The importance of writing for yourself.

 

 

 

I did not have a public blog until after I was done with treatment and had already written the entire manuscript for my book.  I have a lot of grim and foul thoughts about cancer and its impact on my life.  These thoughts are not on this blog.  They are in 12 spiral bound notebooks in a big storage box in my closet.  And I intend for them to stay there.

When I was going through treatment I never thought about journaling as a task.  The word alone conjures images of haggard ladies sitting around a  new age bookstore with purple notepads on their laps scribbling experiences that I’d rather not know about.  So, no, I did not journal.  I just spewed thoughts on the page at all times of day or night.  My notebooks did not contain full sentences, fleshed out ideas, nor a sense of composition. Most of my handwriting was illegible.  I was just trying to survive and my instinct was to put words on the page.

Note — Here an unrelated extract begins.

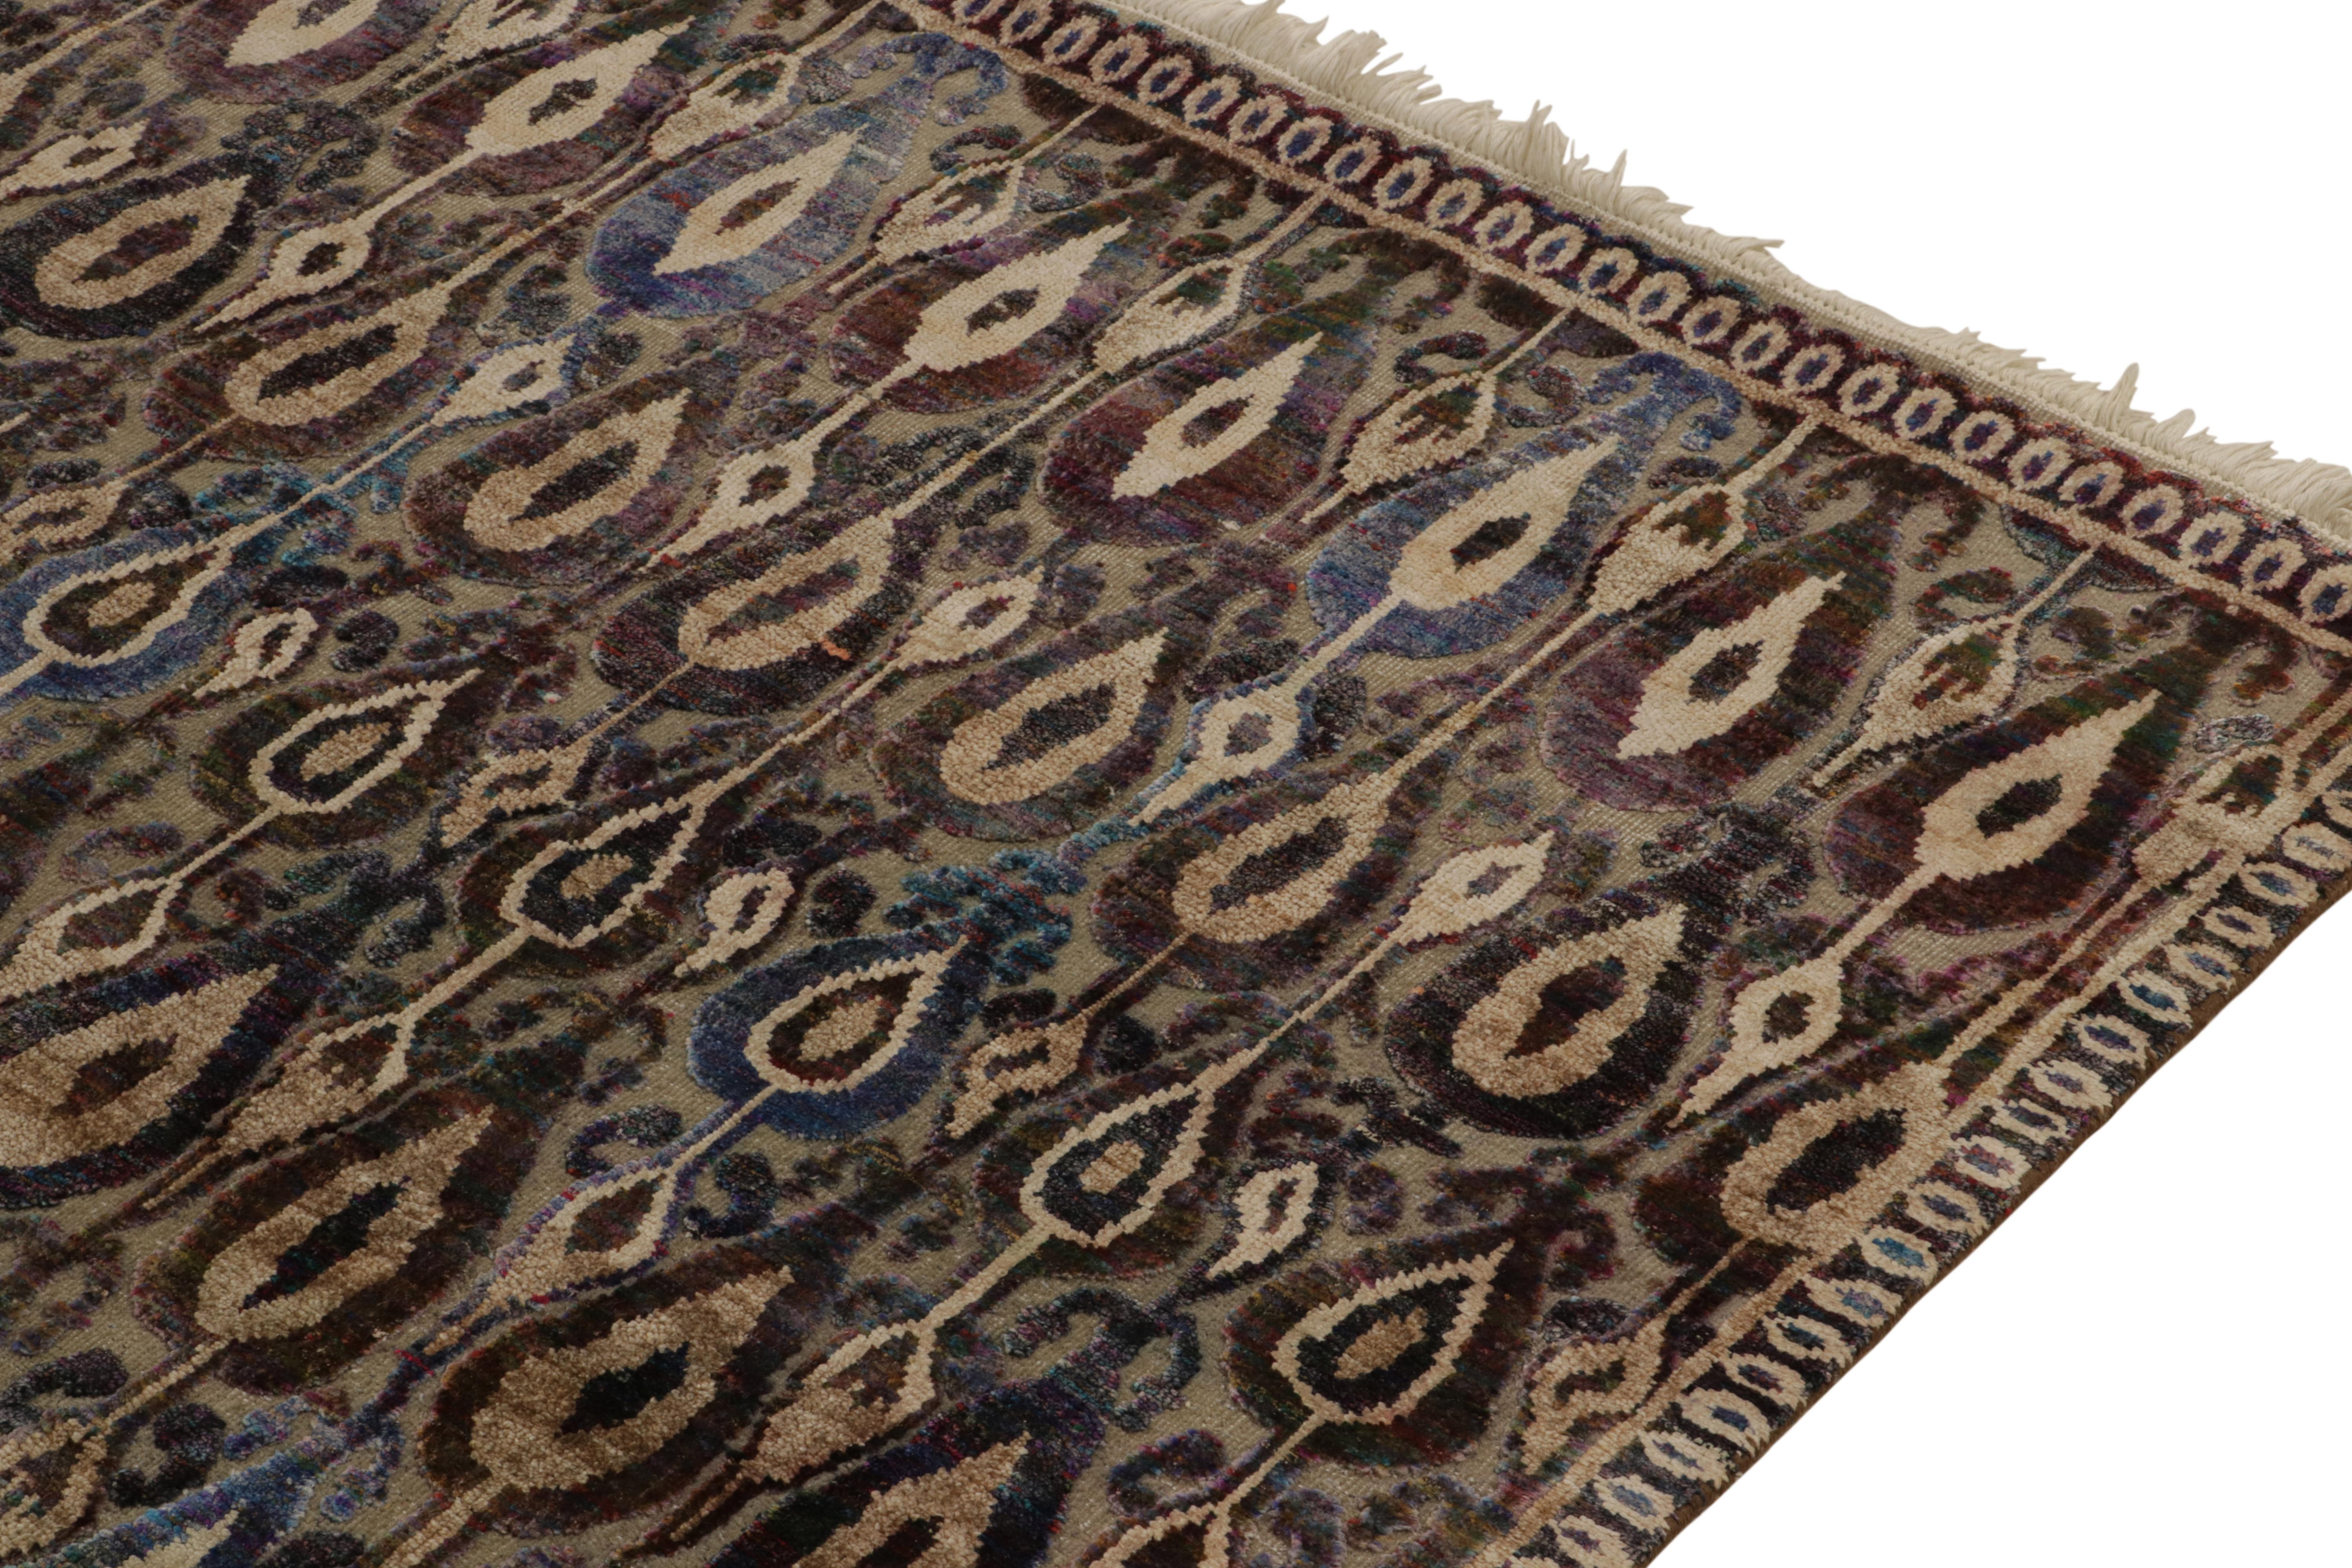 Rug & Kilim's Classic Style Teppich in Beige-Braun, Rot und Blau mit Ikats-Muster (Handgeknüpft) im Angebot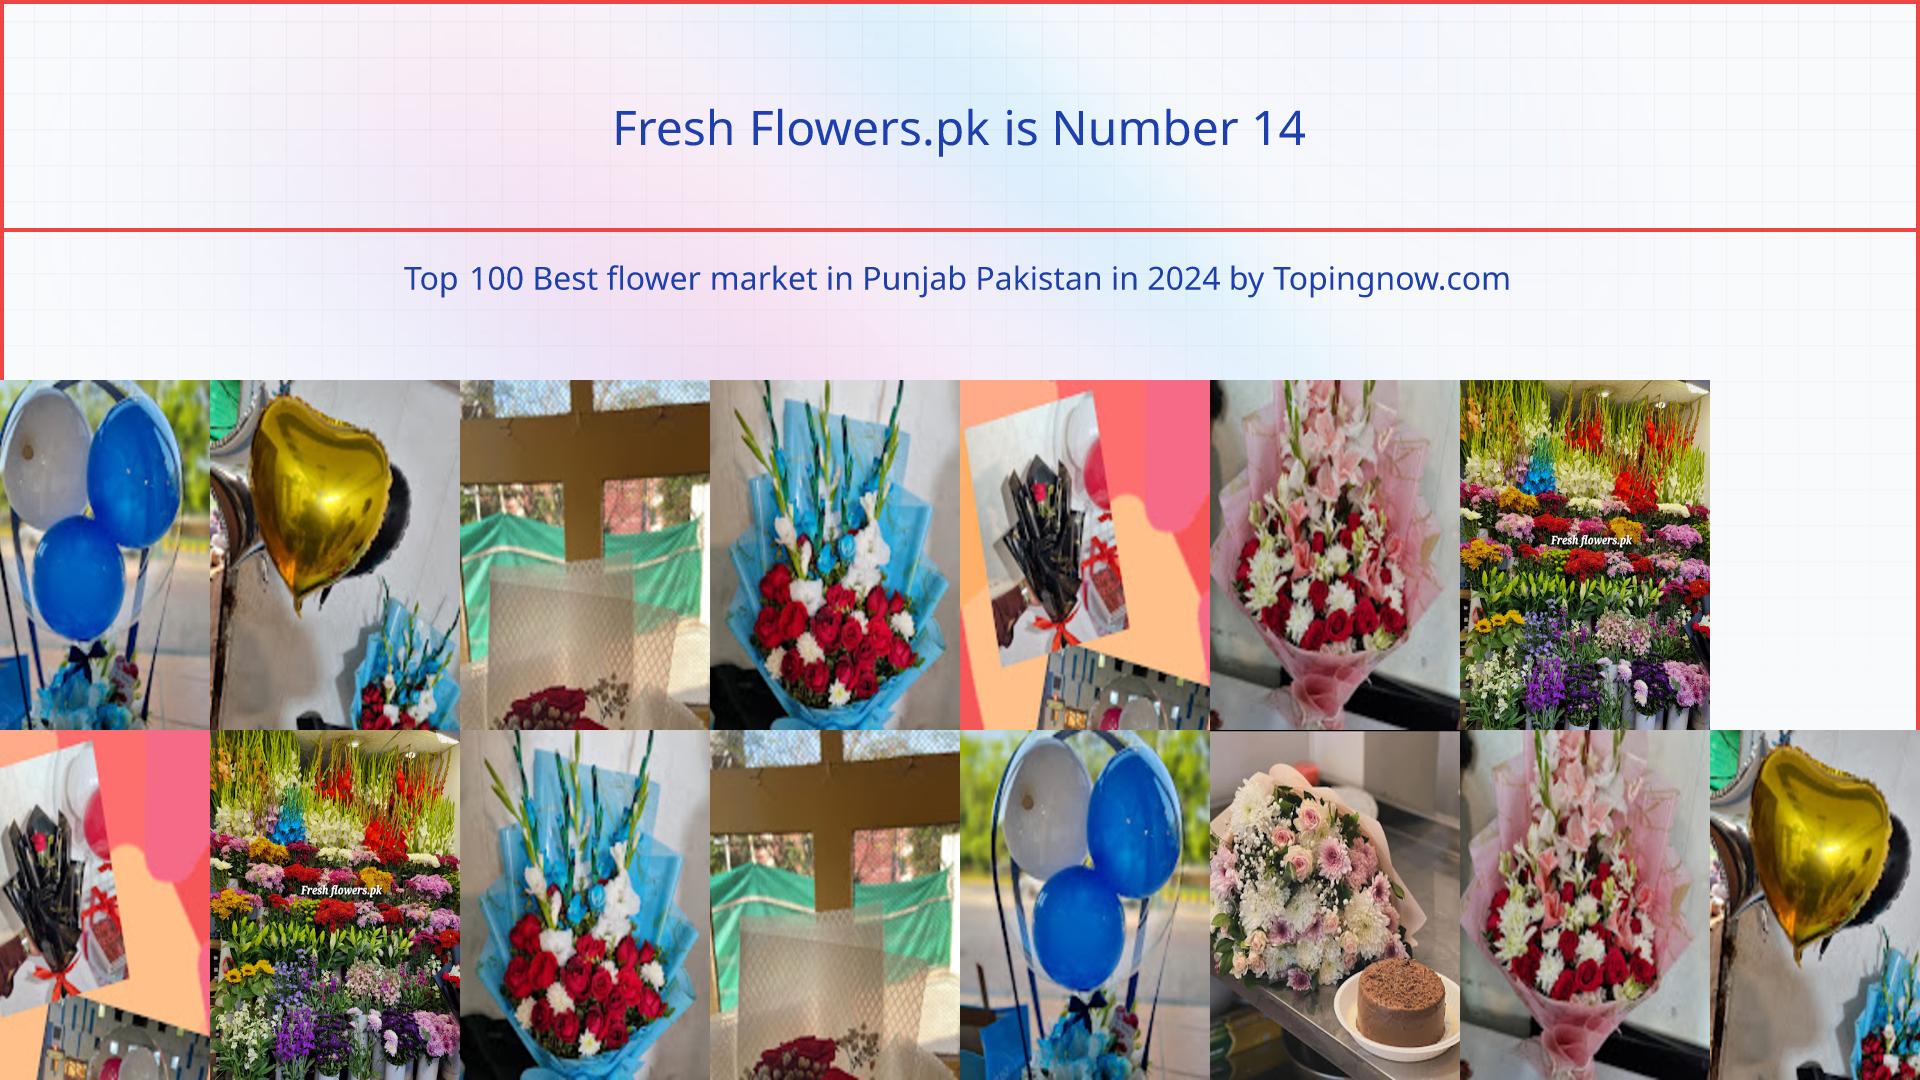 Fresh Flowers.pk: Top 100 Best flower market in Punjab Pakistan in 2024

I love being a blogger and an author and using the screen and page to share ideas, resources, personal experiences, and coping tricks and tips with other young adult cancer patients.  But the best advice I have for any cancer patient wanting to write is to have a separate writing space where you don’t have to think logically, where no audience is present, and you can let the shit hit the fan in whatever way it wants to.  In a culture where the need to share via twitter and facebook is often a compulsion, it is quite peaceful writing for nobody but yourself.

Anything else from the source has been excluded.